When it comes to local triggers, there is a lot of demand to enable these in hardware products. Sensory, Kitt.AI, Malaspina, and Rubidium are examples of trigger software providers who can also offer products under the name of local ASR, phrase spotting, or wake up word. Interesting things can happen when you run these tools in parallel as well as in serial.
A quick review… all of these tools offer two issues: 1) false acceptance and false rejection. Both are undesirable and ruin the fun of voice interaction.
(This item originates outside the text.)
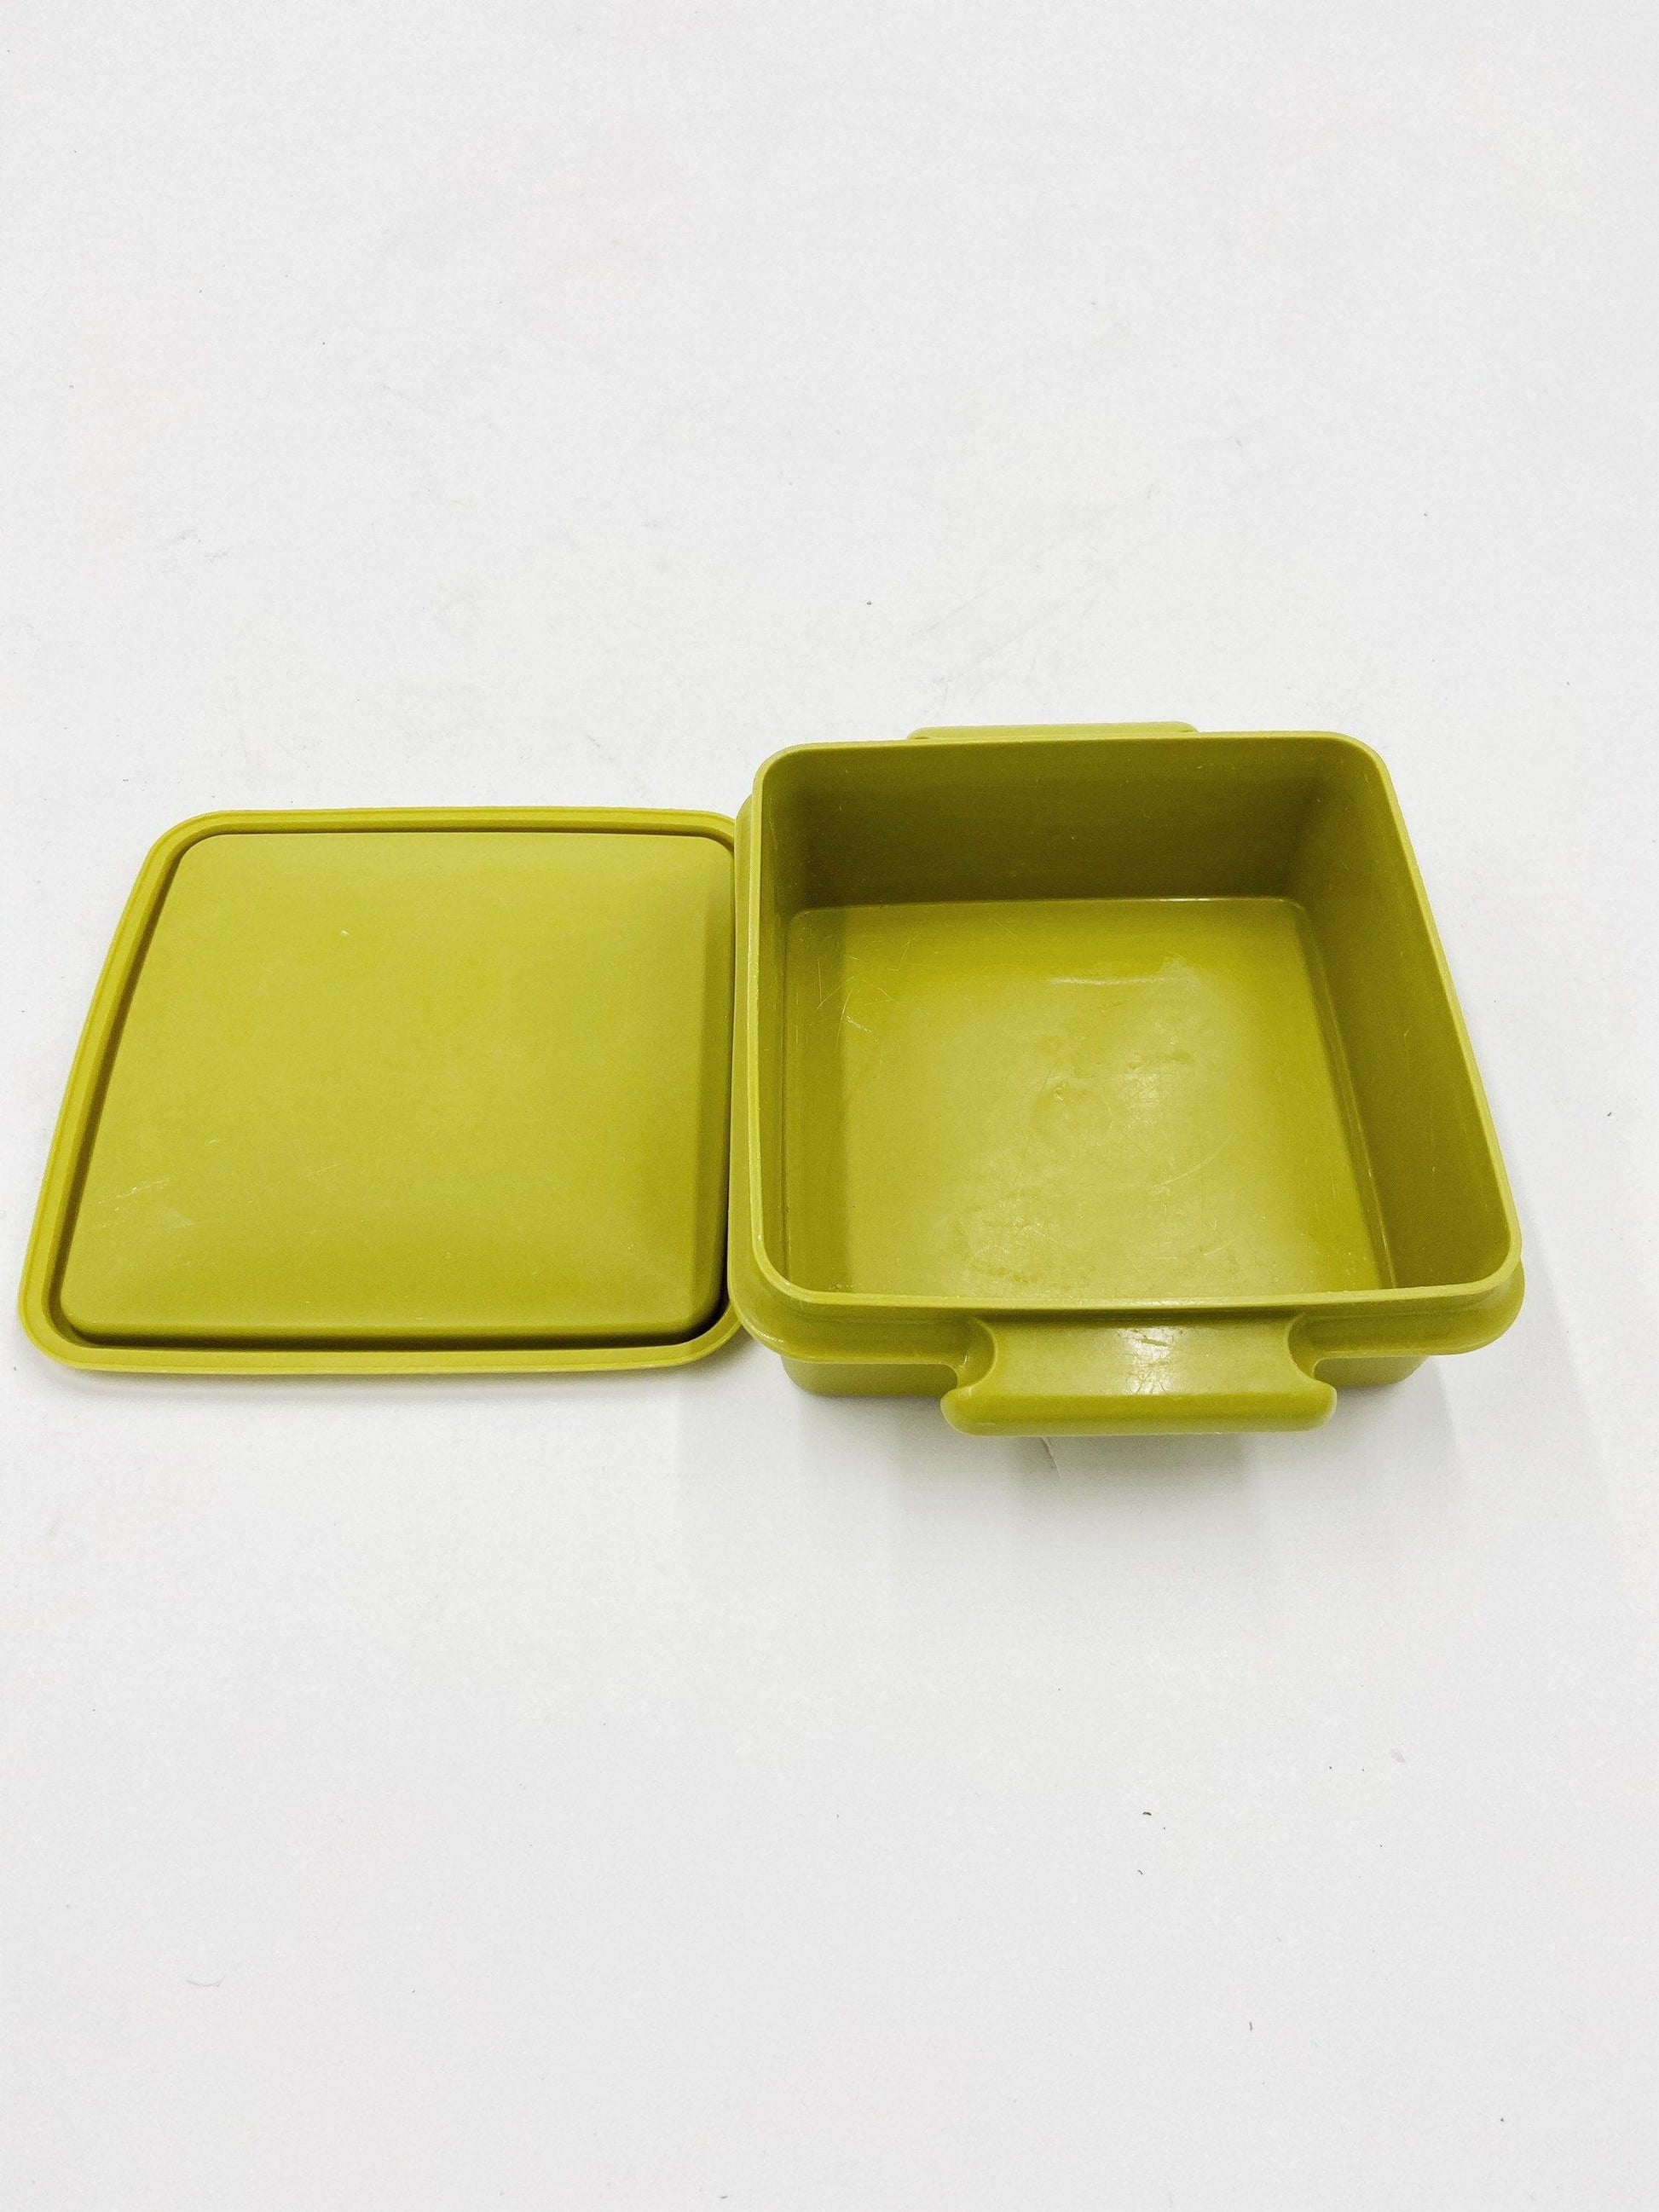 https://funkyhousevintage.com/cdn/shop/files/vintage-green-tupperware-square-stacking-bowl-antique-tupper-ware-food-storage-retro-kitchen-mid-century-modern-kitchen-decor-1970s-located-at-funkyhouse-vintage-antique-store-weiser_080f694b-980c-4dfb-9a0b-182a3f9759e7.jpg?v=1688592961&width=1946

Let’s start with serial… here, you can have a primary wake up word followed by several commands. In this instance, the probability of a false accept or reject is the same for the single wake word. However, because you know that after the primary wake word, the user is going to ask one of the secondary commands, you can either lower the threshold for acceptance or use a trigger word that hasn’t been as robustly tuned. The primary wake word acts as a gatekeeper. You can also limit the time that a user has to speak one of the secondary commands.
Running triggers in parallel presents the option of having different onramps for different services. For example, you can use “Alexa” as a trigger word for accessing Alexa Voice Service and then have “Hello Device” or some other trigger to access a different voice service (maybe a custom one).
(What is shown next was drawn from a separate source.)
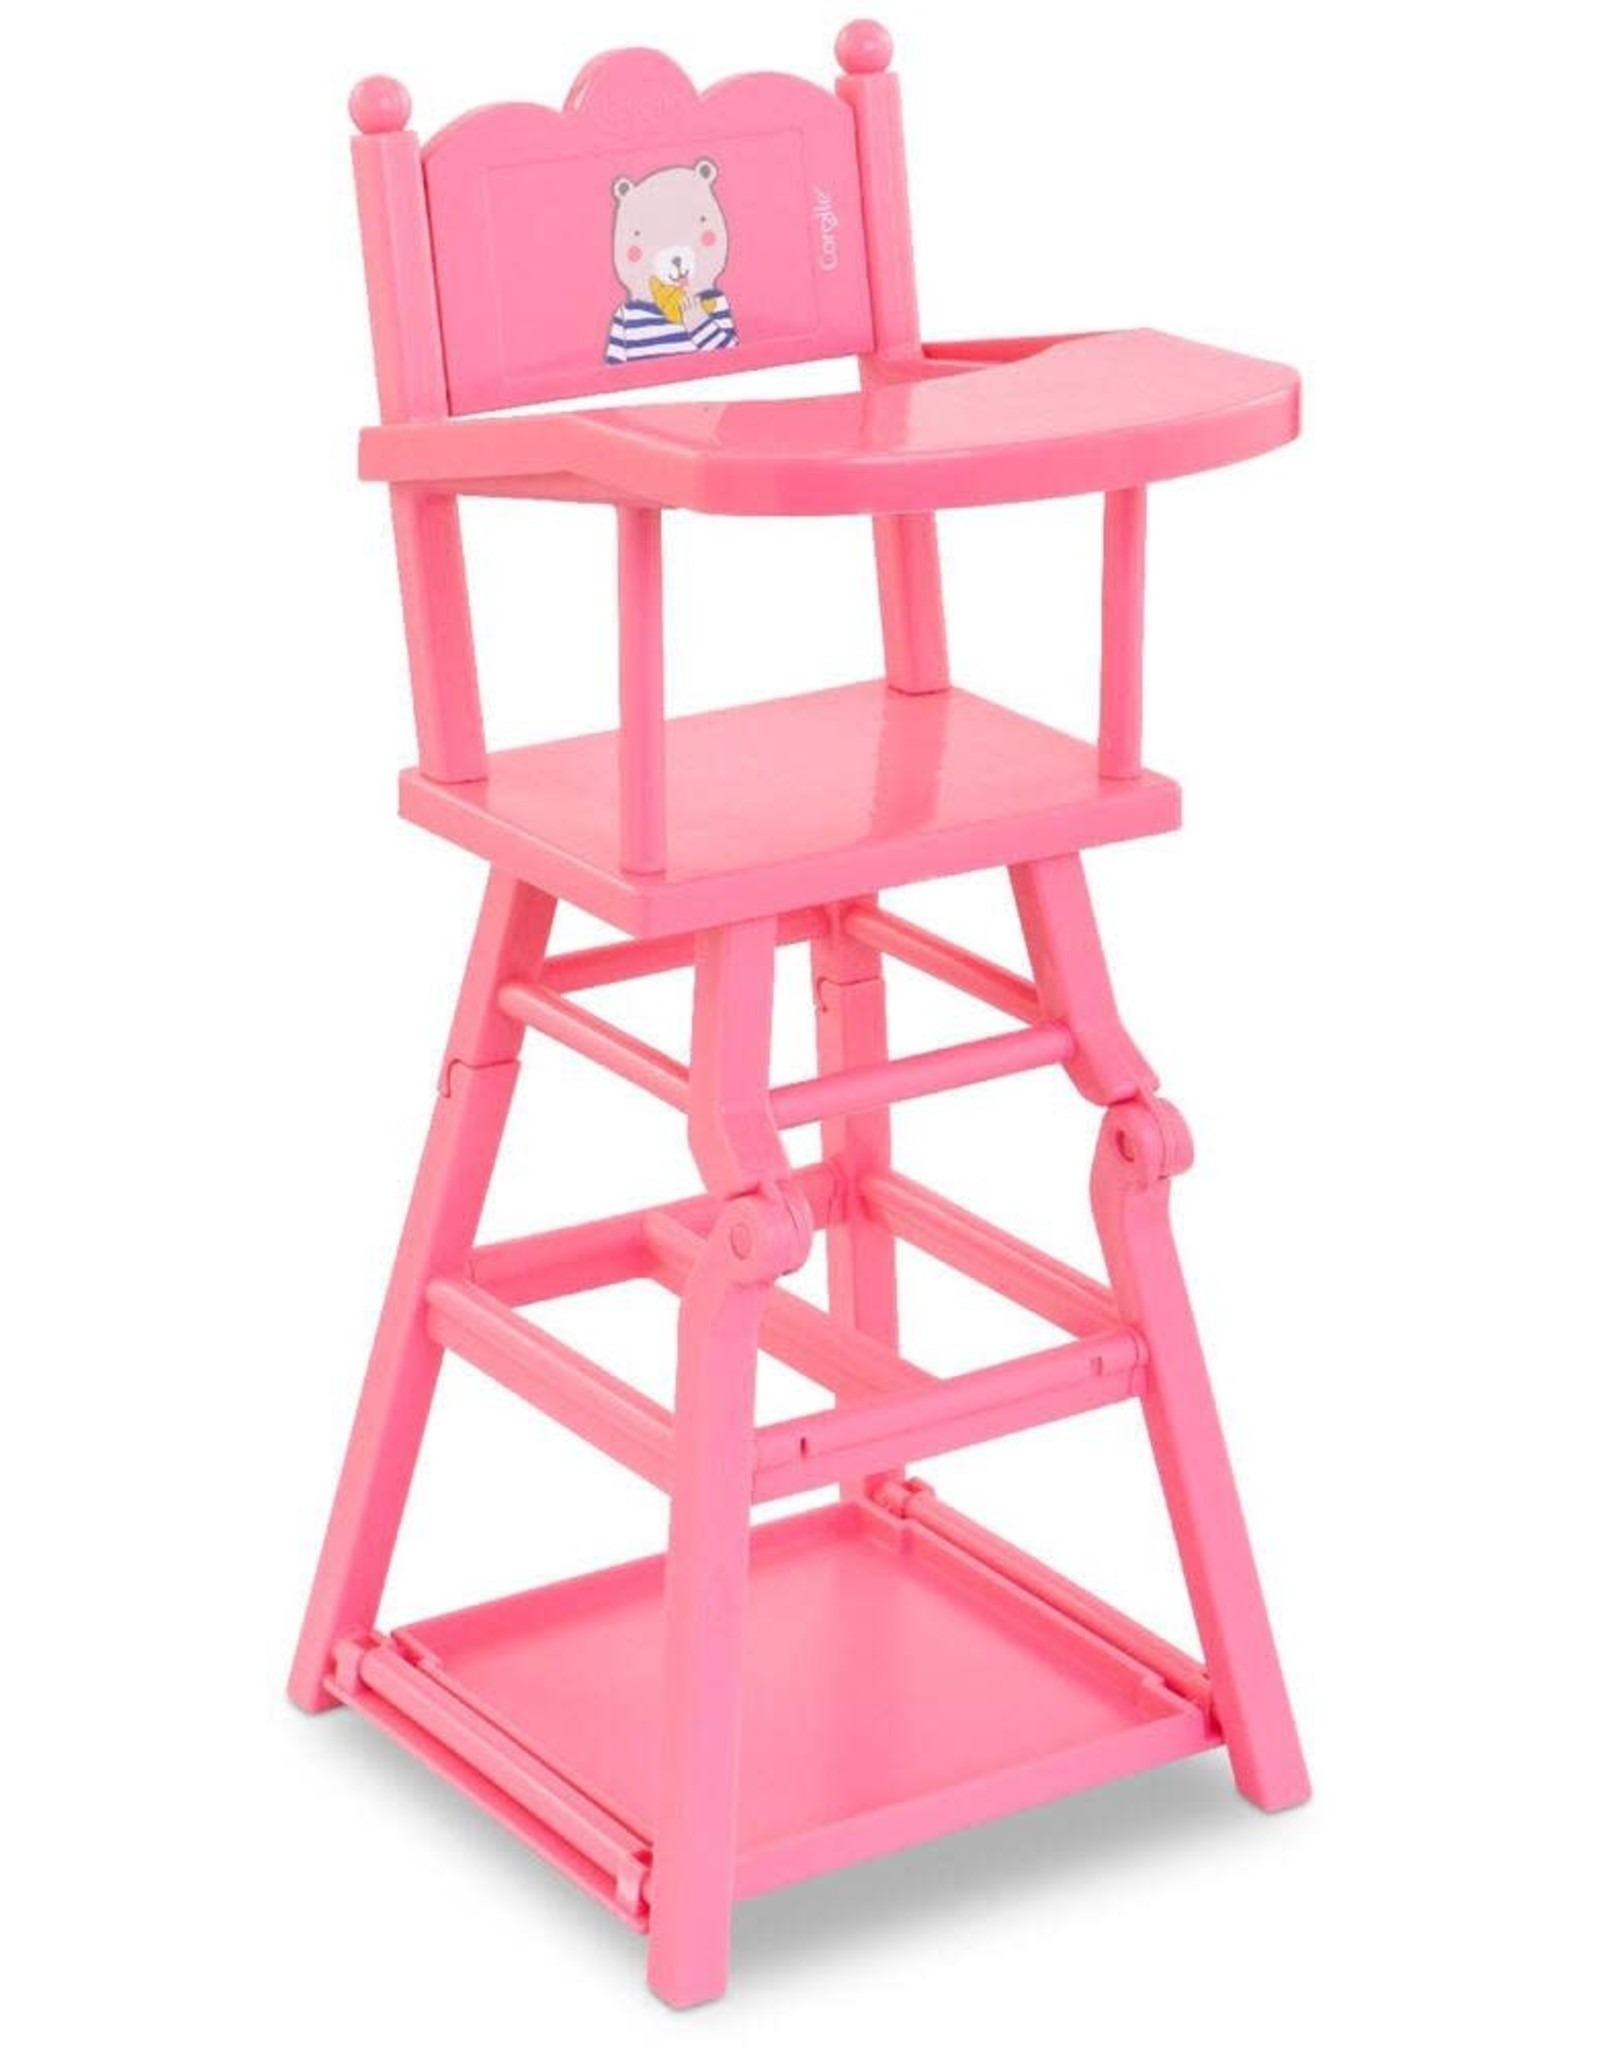 Corolle Corolle High Chair - Pink

When running in parallel, the false accept rates likely have a summative quality meaning that the more parallel triggers you run, the more likely you are to trigger the device. The false reject rate is likely to remain the same being hat the user only speaks one phrase at a time.
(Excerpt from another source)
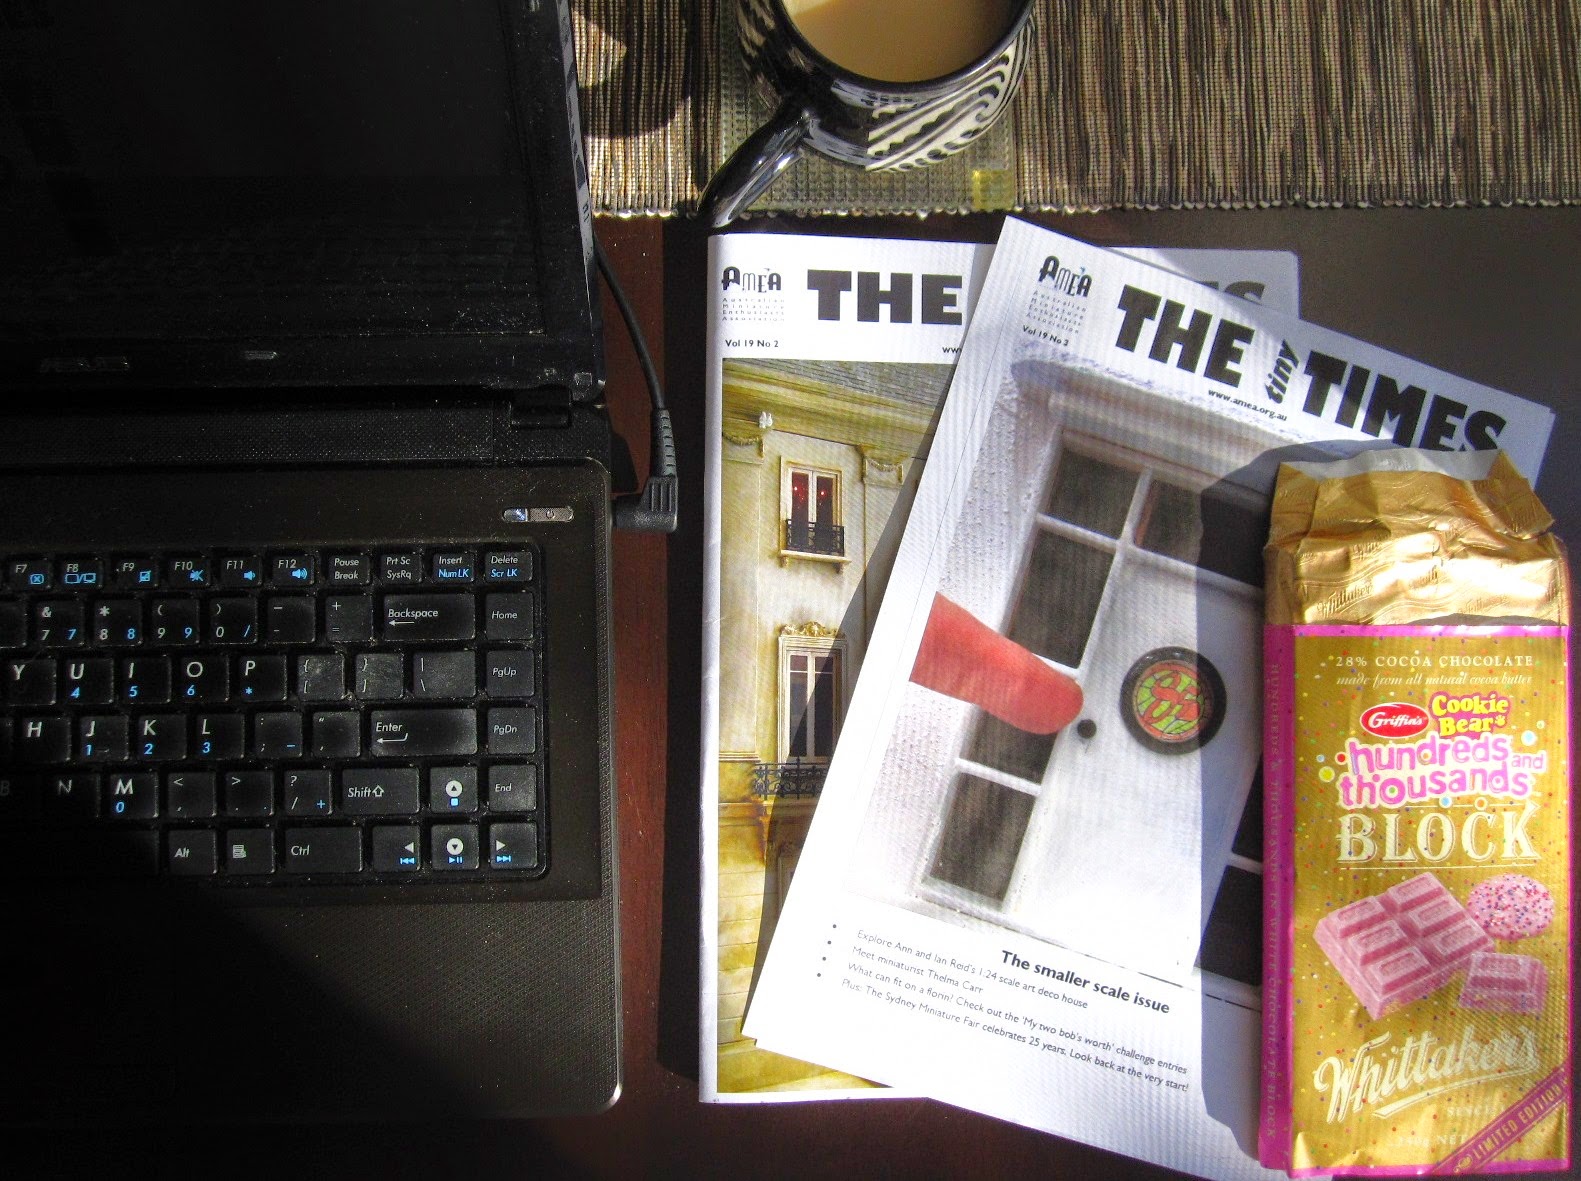 Laptop and mug of tea, with two issues of The tiny Times and a bar of Whittaker's hundreds and thousands chocolate next to it.

With parallel, there is also the idea of running two or more different trigger engines, which could be required to agree with each other before allowing the trigger to be accepted. The potential issue here is that the two engines would need to share the same resource and that could lead to problems (e.g. running both Kitt.AI and Sensory at the same time and then having a state machine run between them).
The other parallel approach with a voting system is hybrid triggers. Here, one trigger runs on a DSP or other low power chip and another runs on the application processor. Both would need to agree to accept the trigger.
As more devices become voice enabled, the need to implement different voice triggering scenarios increases. With security a major concern, even more options involving biometrics or authentication will become necessary.